Any person who commits an act punishable under any of the following provisions of the Revised Penal Code: thereby sowing and creating a condition of widespread and extraordinary fear and panic among the populace, in order to coerce the government to give in to an unlawful demand"

Clearly, we do not want the populace to BE terrorized by acts of terror intended to have that effect on them of inciting widespread and extraordinary fear and panic. Therefore, I think that any reasonable interpretation of this element of the new crime must be taken to mean that a clear INTENT to sow and create such fear and panic must be established to prosecute for a crime of terrorism. As Prof. Clarita Carlos of UP pointed out on tv recently, this area of "intent" and "motivation" is a very tricky and gray area of the Law. I agree. But I think that is merely the challenge of prosecuting this new crime under a new law that David Llorito in the Comment Thread describes as a Terrorists Bill of Rights.

I think there would be cases in which the nature of the acts themselves would bespeak of such malevolent intent. For example, suppose the food or water supply were attacked with toxic agents or radioactive material scattered around in public places. Such acts would be construed as redolent of the intent to create and sow fear and panic, EVEN IF it does not actually succeed and the people don't stampede.

Speaking of communists here is PDI Money's Honesto General lambasting the CBCP for its perpetual silence when it comes to the CPP NPA. Choice quote:
The bishops have not been able to keep their mouths shut on almost any publicity. But, incredibly, the CBCP has not said one single word about the Communist Party of the Philippines (CPP), New People’s Army (NPA) and the communist groups in the cities, such as Bayan Muna, Akbayan, Partido ng Manggagawa, Anak Pawis, Gabriela and Migrante (have I missed anyone?).
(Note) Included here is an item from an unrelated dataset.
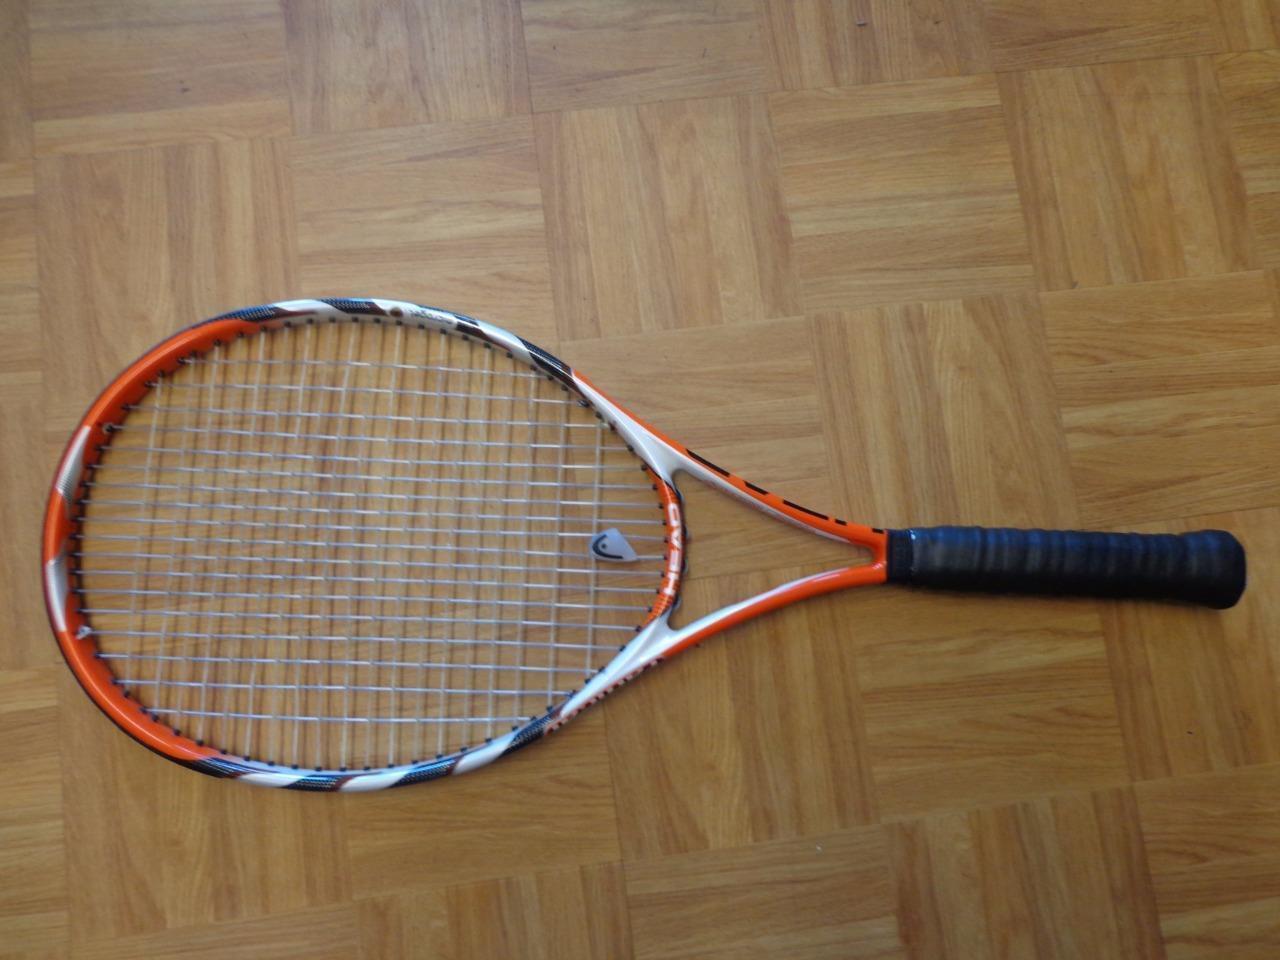 Head Microgel Radical Oversize 107 head head head 4 5/8 grip Tennis Racquet da63e5

It looks like the CBCP views these communist groups in the cities as part of the democratic scene. If so, CBCP is looking at the communist problem from the wrong end.

5 comments:

Amadeo said...

This video you embedded got ample exposure in the cable channels here.
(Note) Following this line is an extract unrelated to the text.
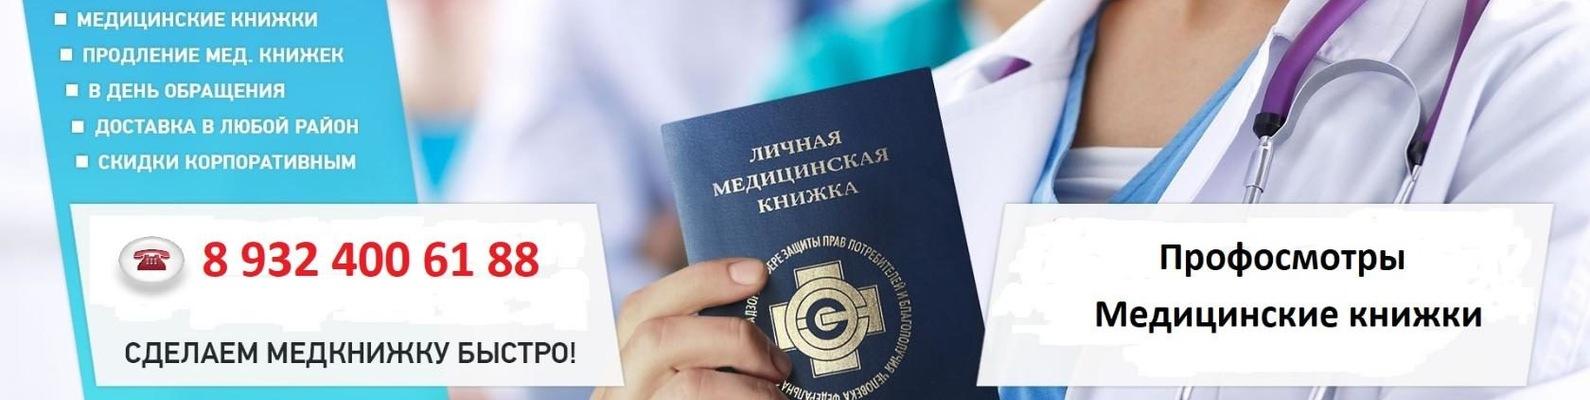 Сургут купить медицинскую книжку регистрация на три месяца для граждан россии

But that lady figure in white top, was that a play on MJ's sexuality? He/she looks like a transvestite.

Overall, many here found it very odd and unusual. Oh, well.

cvj said...

With the spread of the above video, looks like We are all Michael Jackson now!

Roy C. Choco, FCD said...

"It is of course difficult to understand why a country like the Philippines, which was attacked by Al Qaeda long before 9/11, only now passed anti-terrorism legislation"

Part of the answer to your question is that our country was ruled by a dictator for 20 years. The dictator used all the powers of the state to further his hold on power. A significant number of Filipinos have become wary of the state using it's legitimate powers in suppressing the rights of it's people. Coupled with the general distrust of the current President and the Philippines is lucky that even a watered down version of the Anti-terrorists law was passed.

Deany Bocobo said...

Roy,
Good point. But ironic. Marcos became dictator by getting rid of laws, especially the biggest One. I think we should see Marcos as a good thing because we shall NEVER AGAIN countenance one such as him. Dictatorship is forever DEAD in our hearts. You don't think very much of the Filipino people, do you?

john marzan said...

it's beginning to happen. from mlq3:

Moreover, a breakdown of the negotiations and the cease-fire likely would confront the Bush Administration with policy decisions regarding a U.S. role in a wider war. The AFP could be expected to propose increased supplies of U.S. arms and military equipment; and it likely would argue for a more direct U.S. military role. The Philippine government might change its previous policy of opposition to a U.S. military role against the MILF and encourage U.S. actions against the MILF at least in a role similar to that in the joint operations against Abu Sayyaf.

dean, do you think the US should have a more active and direct role against the MILF? is it a smart thing for them to do?

(but one thing that may get the US more involved ay kung tinarget ang US troops ng terrorist attack sa mindanao.)